Problem to solve
Please output the lines from the one with "Gold-Plated Indian Cuff" through the end of the data exactly as written, omitting all pictures.

Supplied material

- Opening Delimiter -

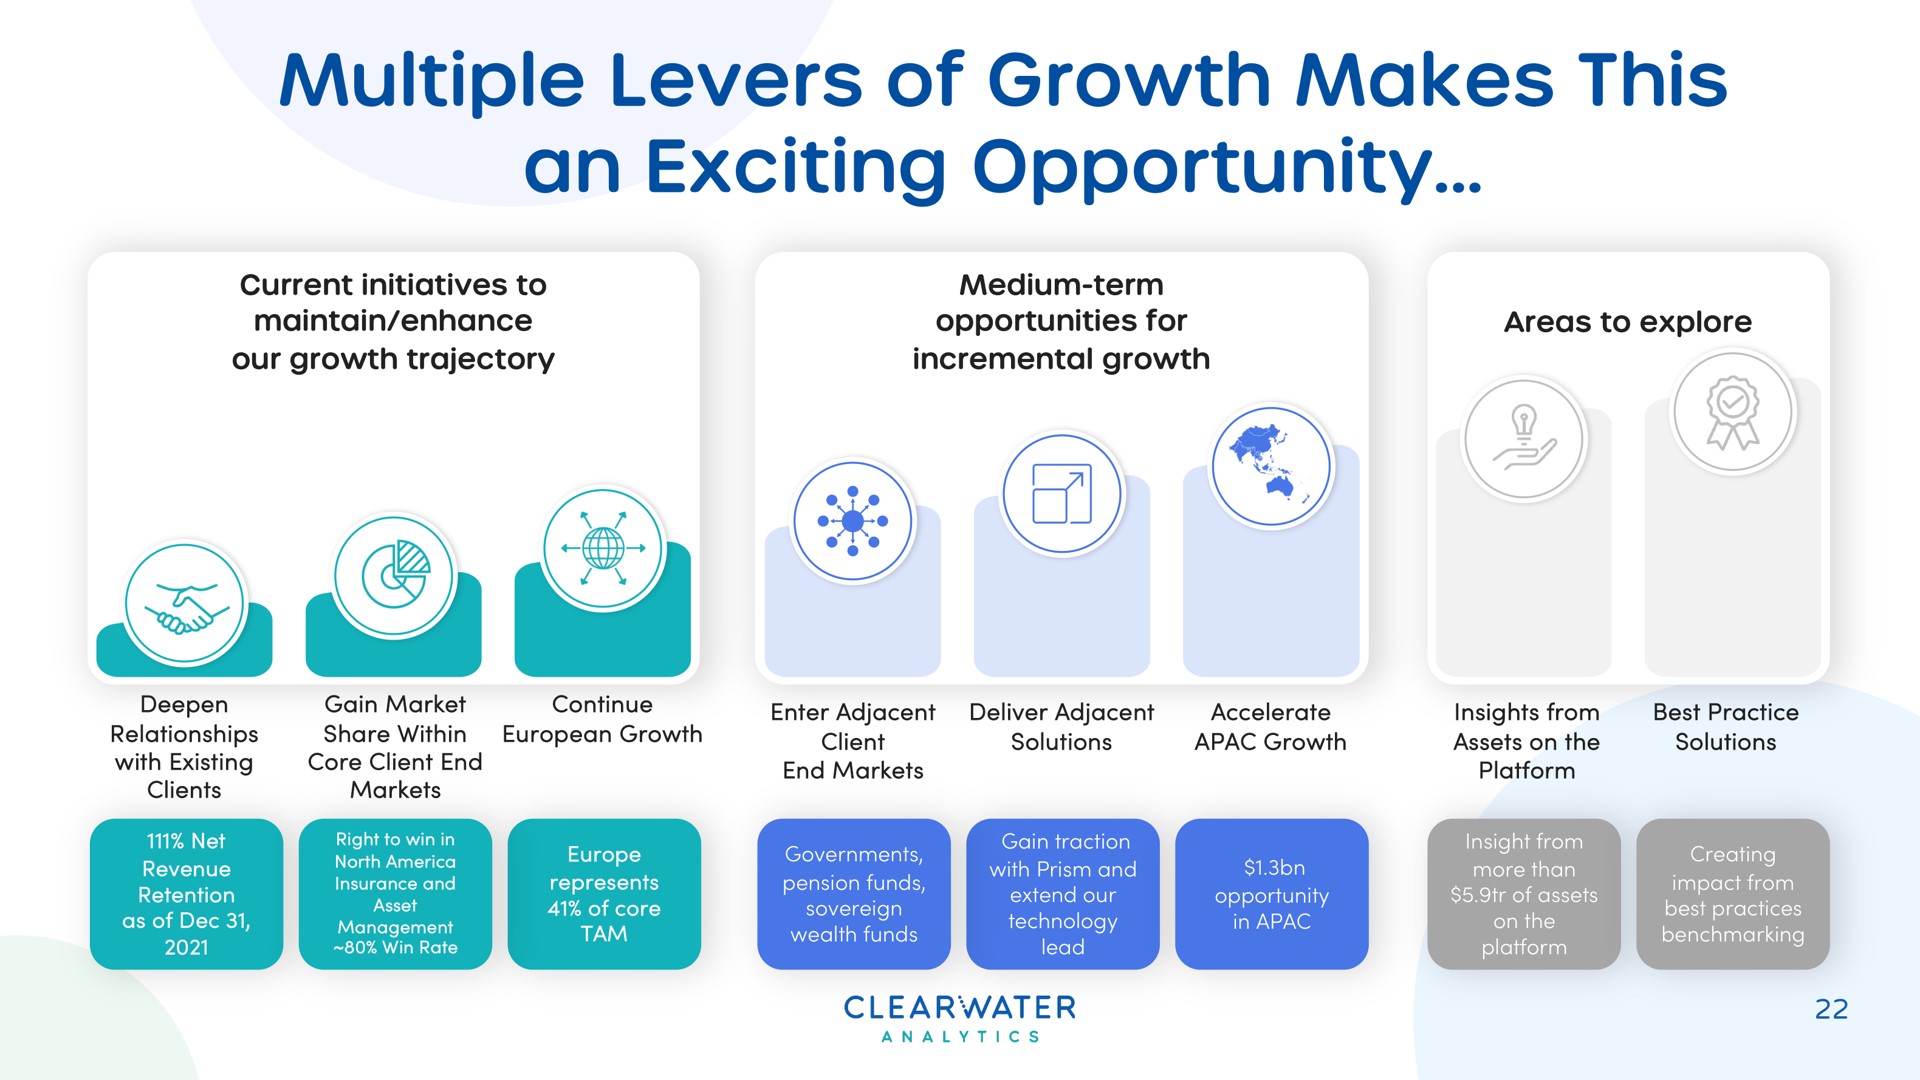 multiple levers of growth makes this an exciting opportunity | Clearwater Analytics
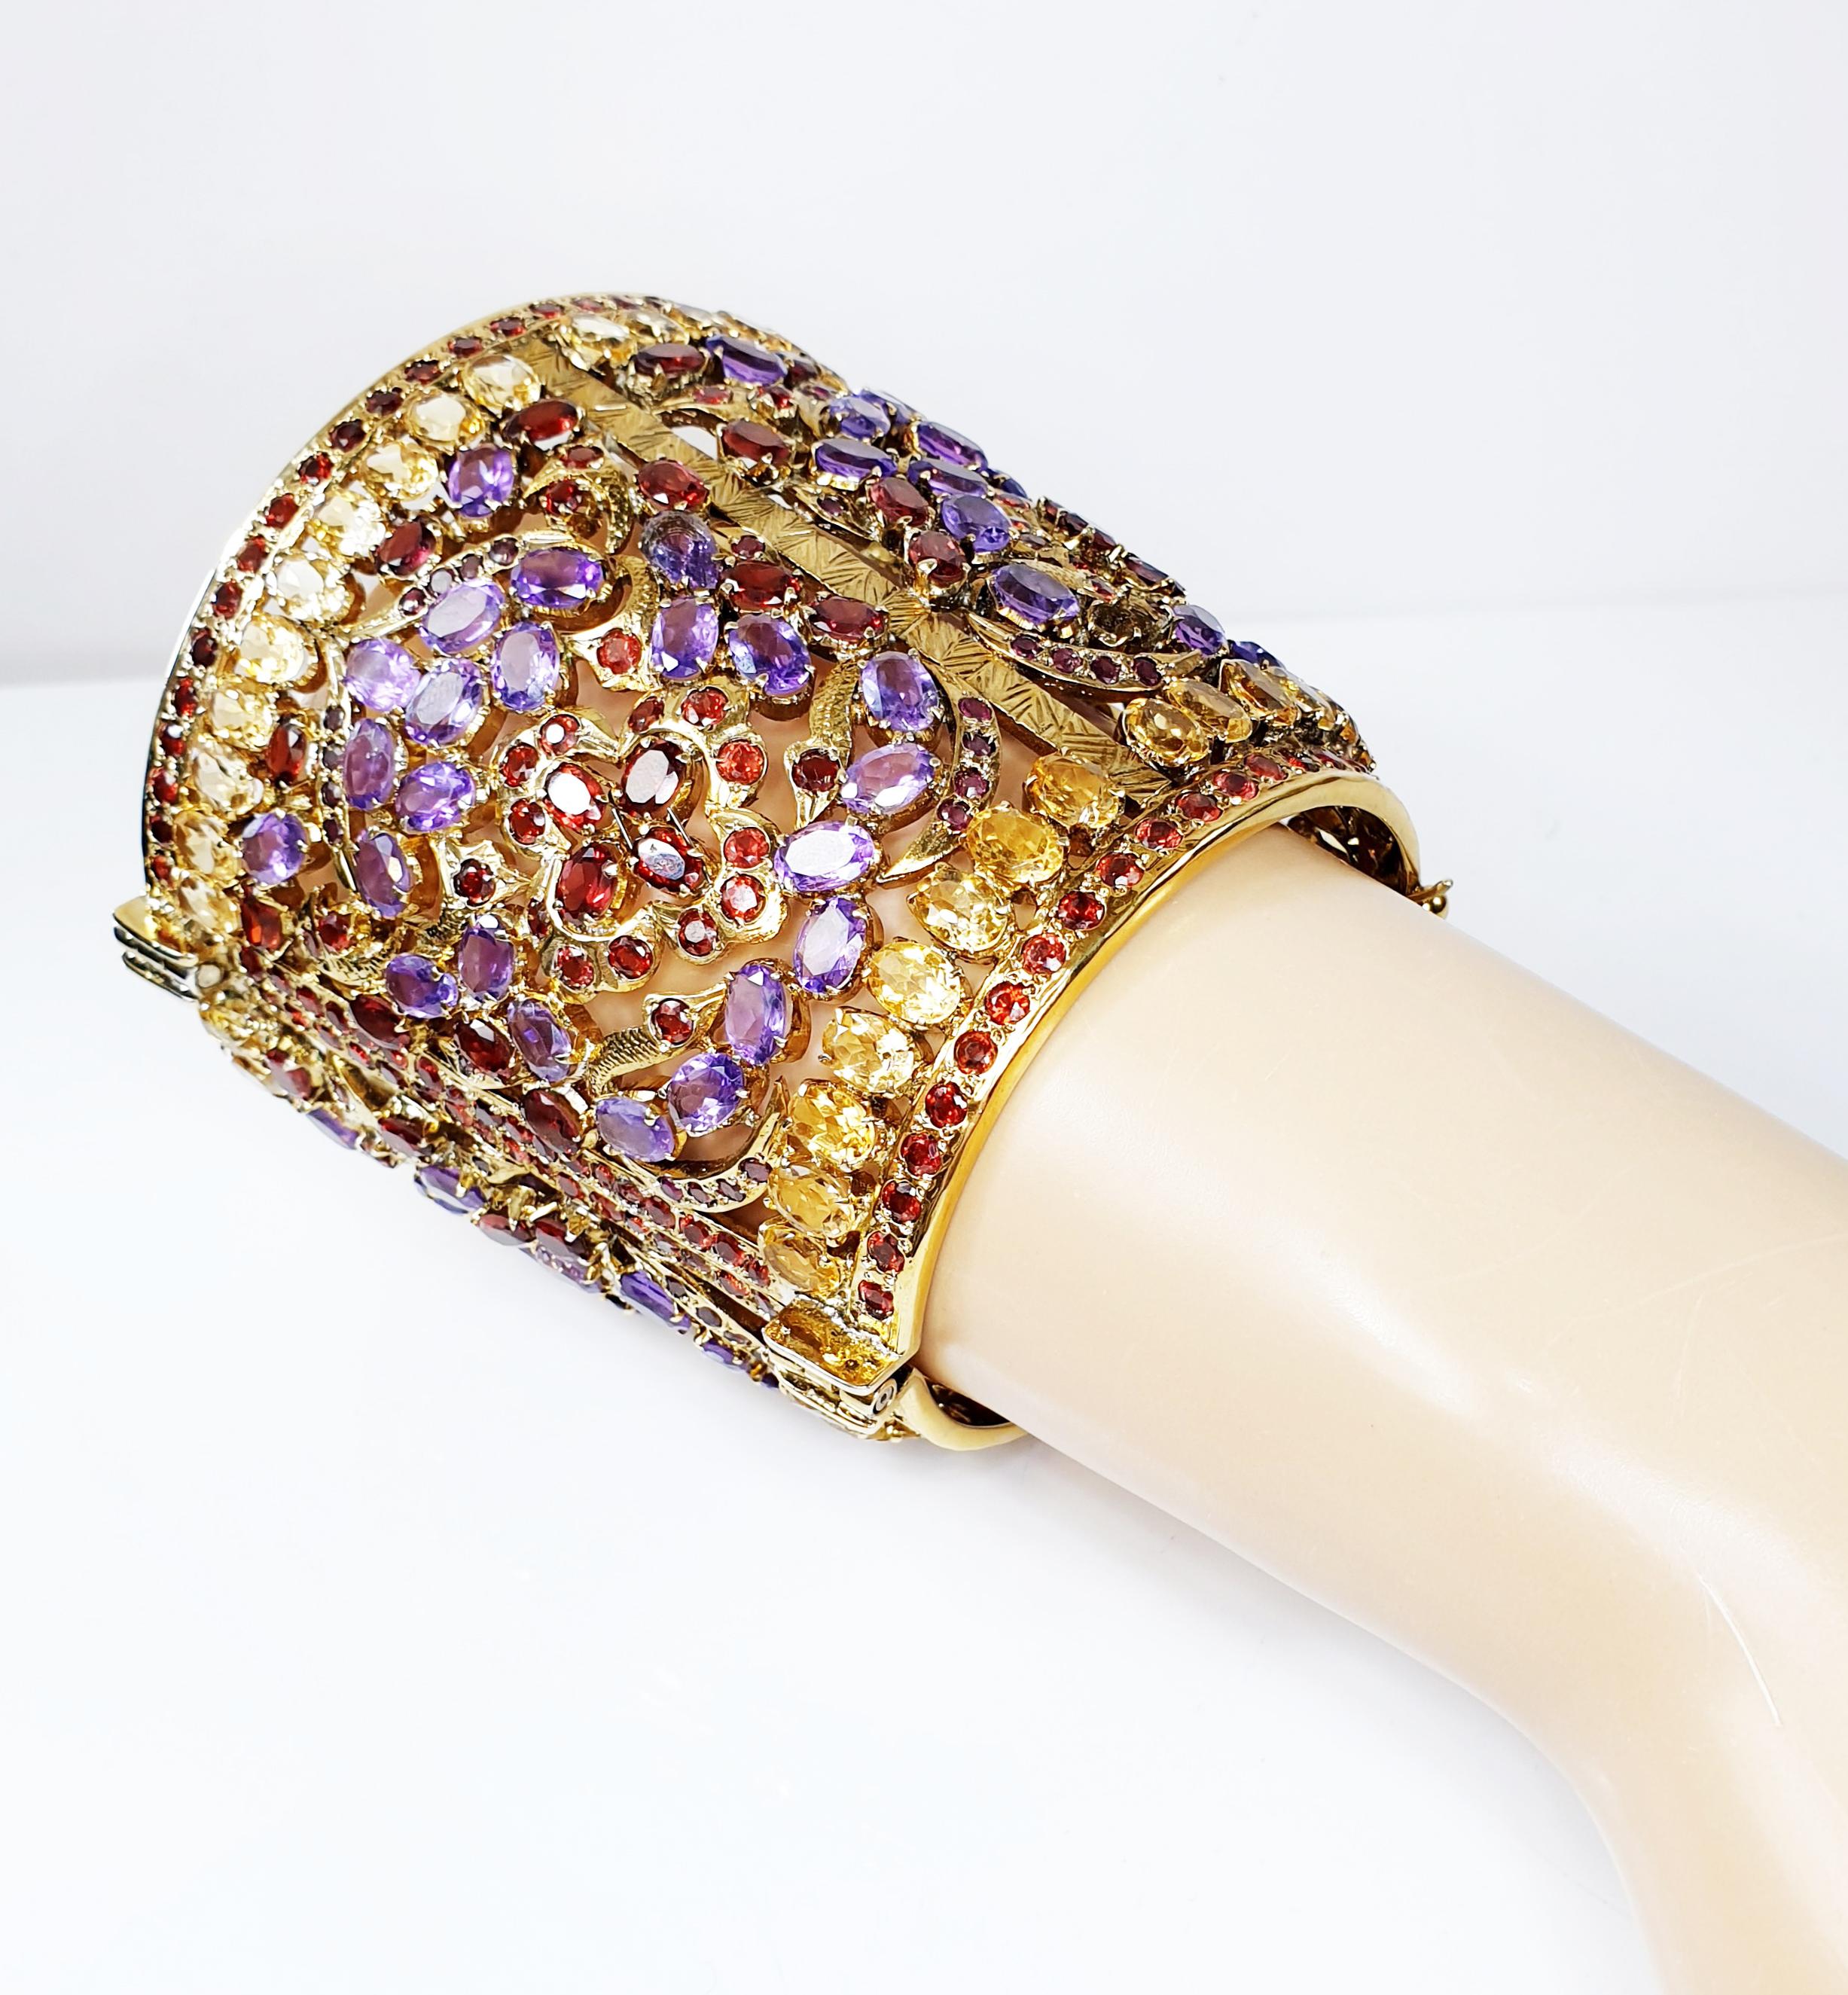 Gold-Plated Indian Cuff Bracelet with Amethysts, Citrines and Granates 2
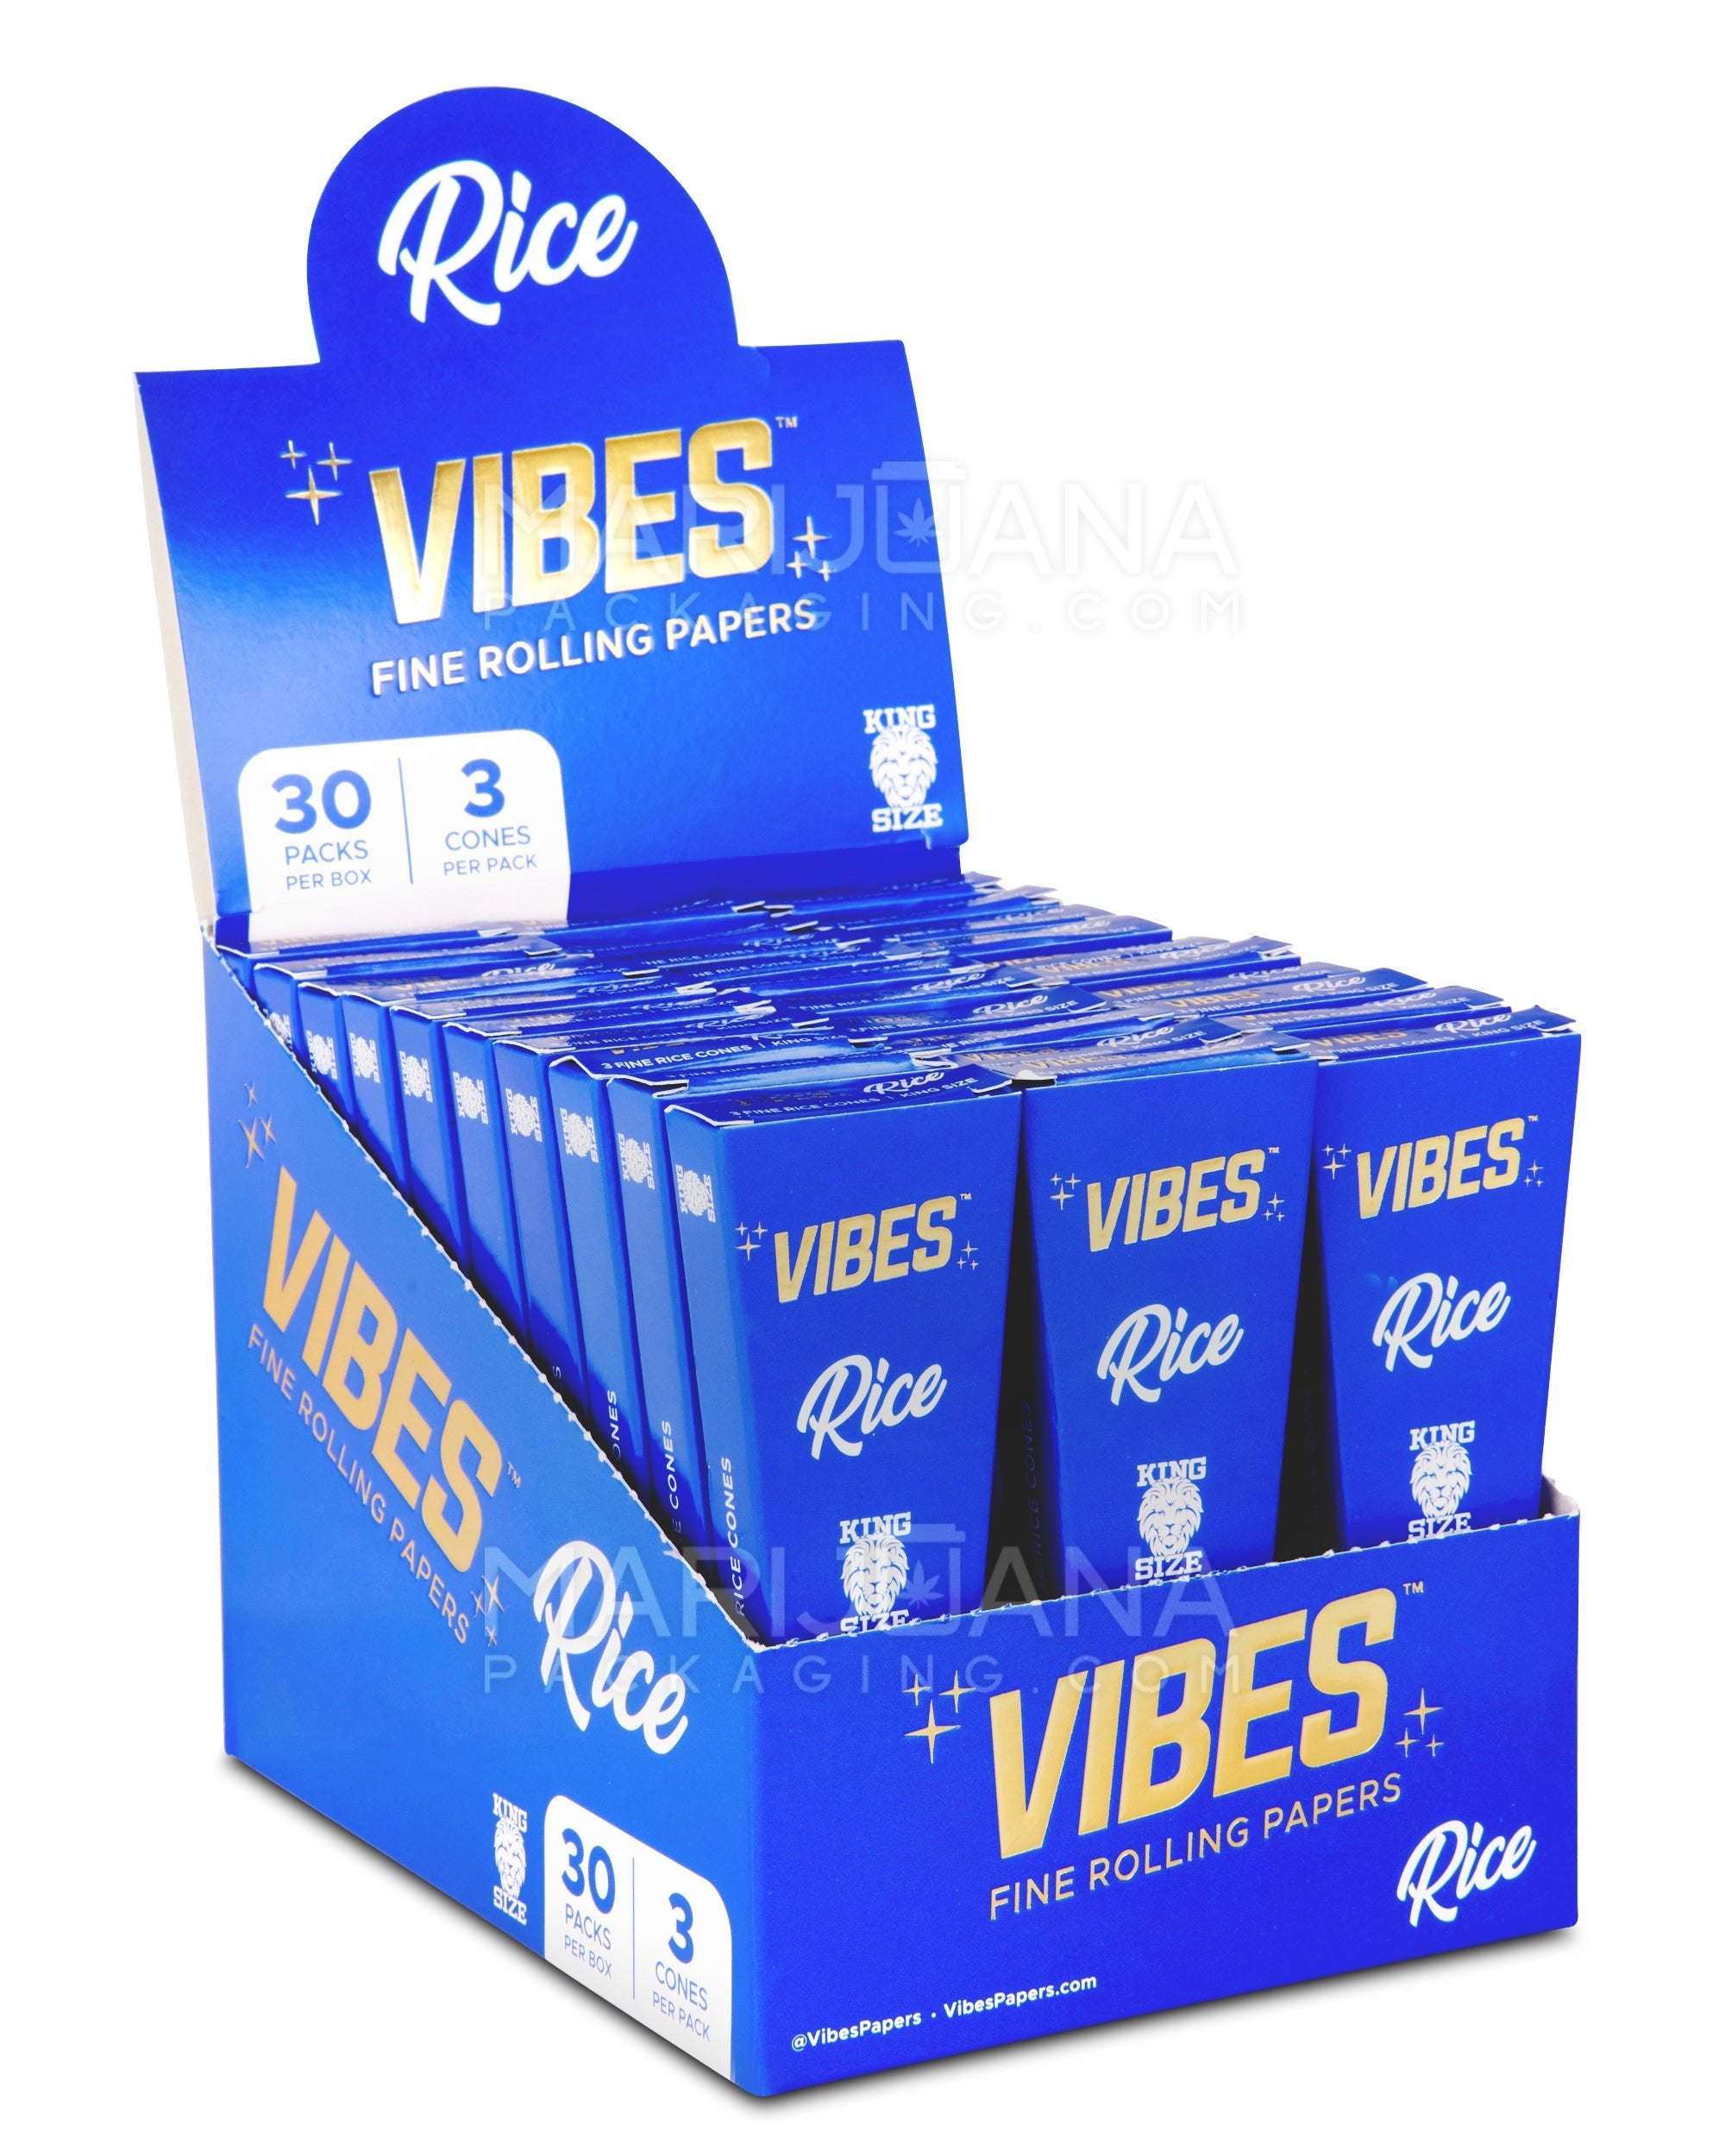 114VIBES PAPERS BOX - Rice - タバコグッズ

- Closing Delimiter -

Written solution
 Gold-Plated Indian Cuff Bracelet with Amethysts, Citrines and Granates 2
 114VIBES PAPERS BOX - Rice - タバコグッズ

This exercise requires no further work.